I power walked the sections of river bed that I couldn’t run on and ran on the smoother sections. As we carried on through the valley, the stony sections became fewer and the sandy smooth sections increased, until I was able to get some consistent running in. I managed to pass a large number of walking wounded on my way.

Up ahead in dark shadow was a dip in the cliffs and I knew that’s where we were heading. It didn’t seem to get any nearer for ages. But eventually there were street lights in the distance. I ran onto a much wider open dirt road and was followed very slowly by a truck with its full headlights on, as though deliberately lighting my way.

Under a bridge and a few hundred metres later I was on Barranco de Maspalomas, a wide, man made rain channel, with the final checkpoint in sight. Apparently the Barranco does fill with water when it rains hard. But it was dry as a bone for the entire time we were there. I was running quite hard as I still thought there might be a chance of finishing in under 26 hours.  I clocked in at the last checkpoint, filled a water bottle and set off on the final 3.5km to the finish.

One more kilometre and I passed the hotel where we were staying. My wife and children were there to meet me at 1am to run the last 2.5 kilometres with me. I had been thinking about this moment for the past 8 hours! 

There was one final twist at the end. As I often do I had taken my camera and filmed the run. Approaching the finish line on the seafront at Maspalonas next to the lighthouse, I pressed record for the final time to film me crossing the finish line and I saw a message on screen, ‘out of memory’!!  All that way and it chooses the very last moment to run out of memory. In a b panic I deleted the previous couple of minutes of footage in order to get the last bit. However that meant an embarrassing wait 50 feet from the finish with the announcer wondering why I wasn’t running to the line and the few spectators who were left at just after 1am looking at me bemused.

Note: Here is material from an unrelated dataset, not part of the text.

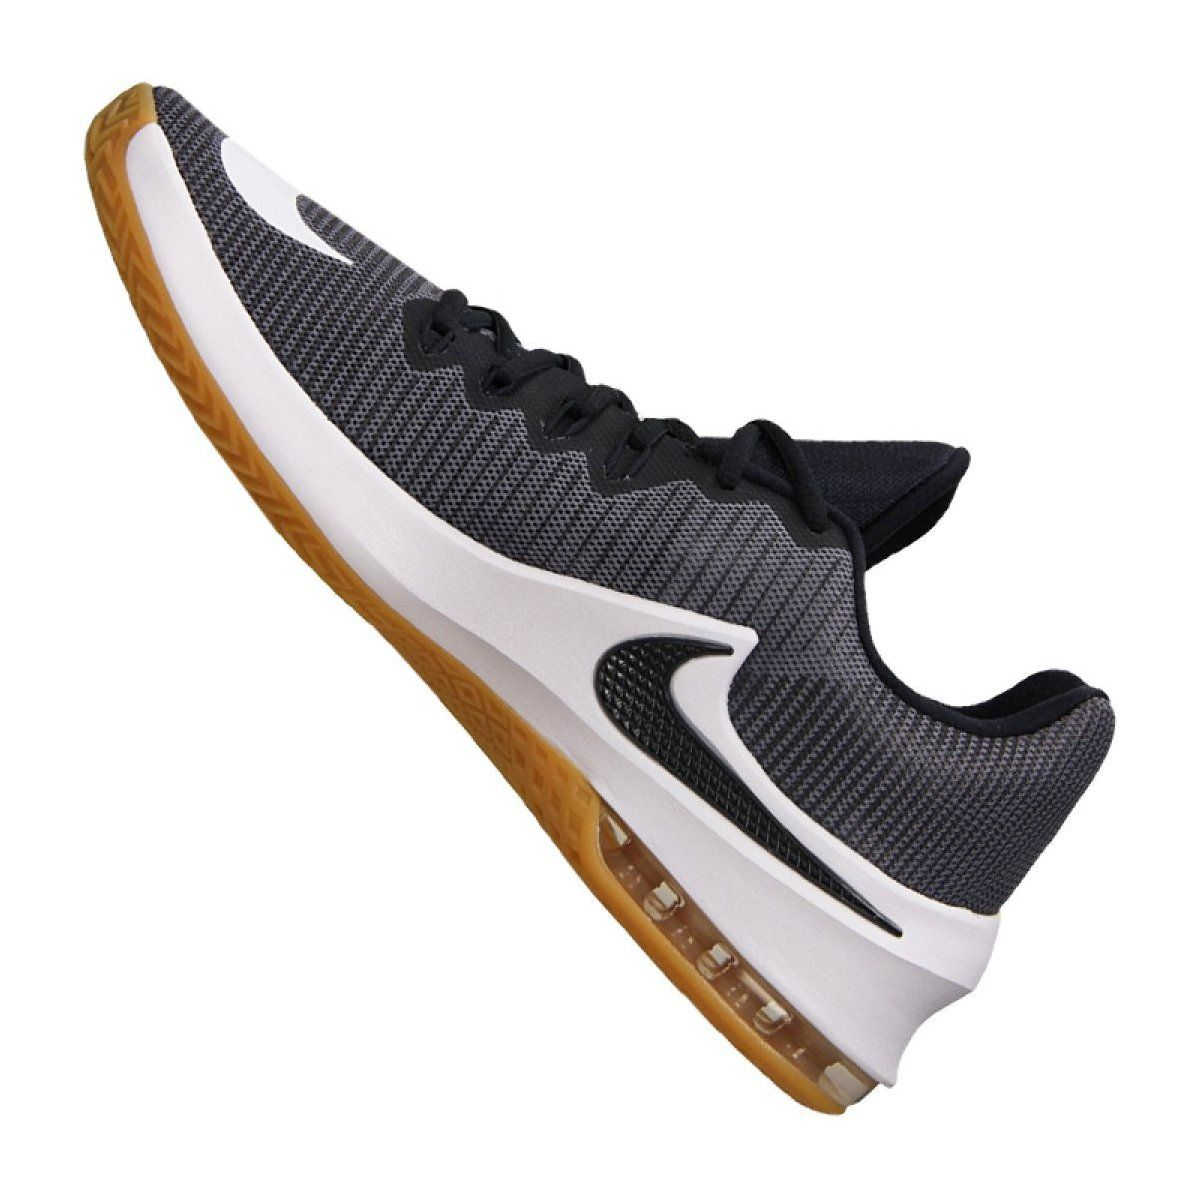 Buty Nike Air Max Infuriate 2 Low M 908975 042 Czarne Wielokolorowe Nike Nike Air Max Nike Air
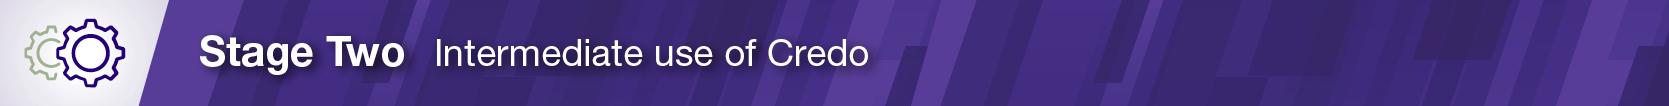 CredoInInstruction_SectionHead_801x51 Stage2_v2 (1)

I eventually crossed the line with my son after 26 hours and 16 minutes of running in 308th position. I was 38th Vet 50. Given the heat of the day and the intensity of the terrain I think I have to be pleased. I got to the finish which is more than can be said for a large number of the runners who started in Las Palmas on Friday night.

It took my about 48 hours before I forgot the horror of it all and decided I would like to have another go. Richard finished in just over 22 hours and we both think we can take a couple of hours off those times when we come back. It won’t be next year, but we’ll come and do this mutha-of-a-race again in the not to distant future.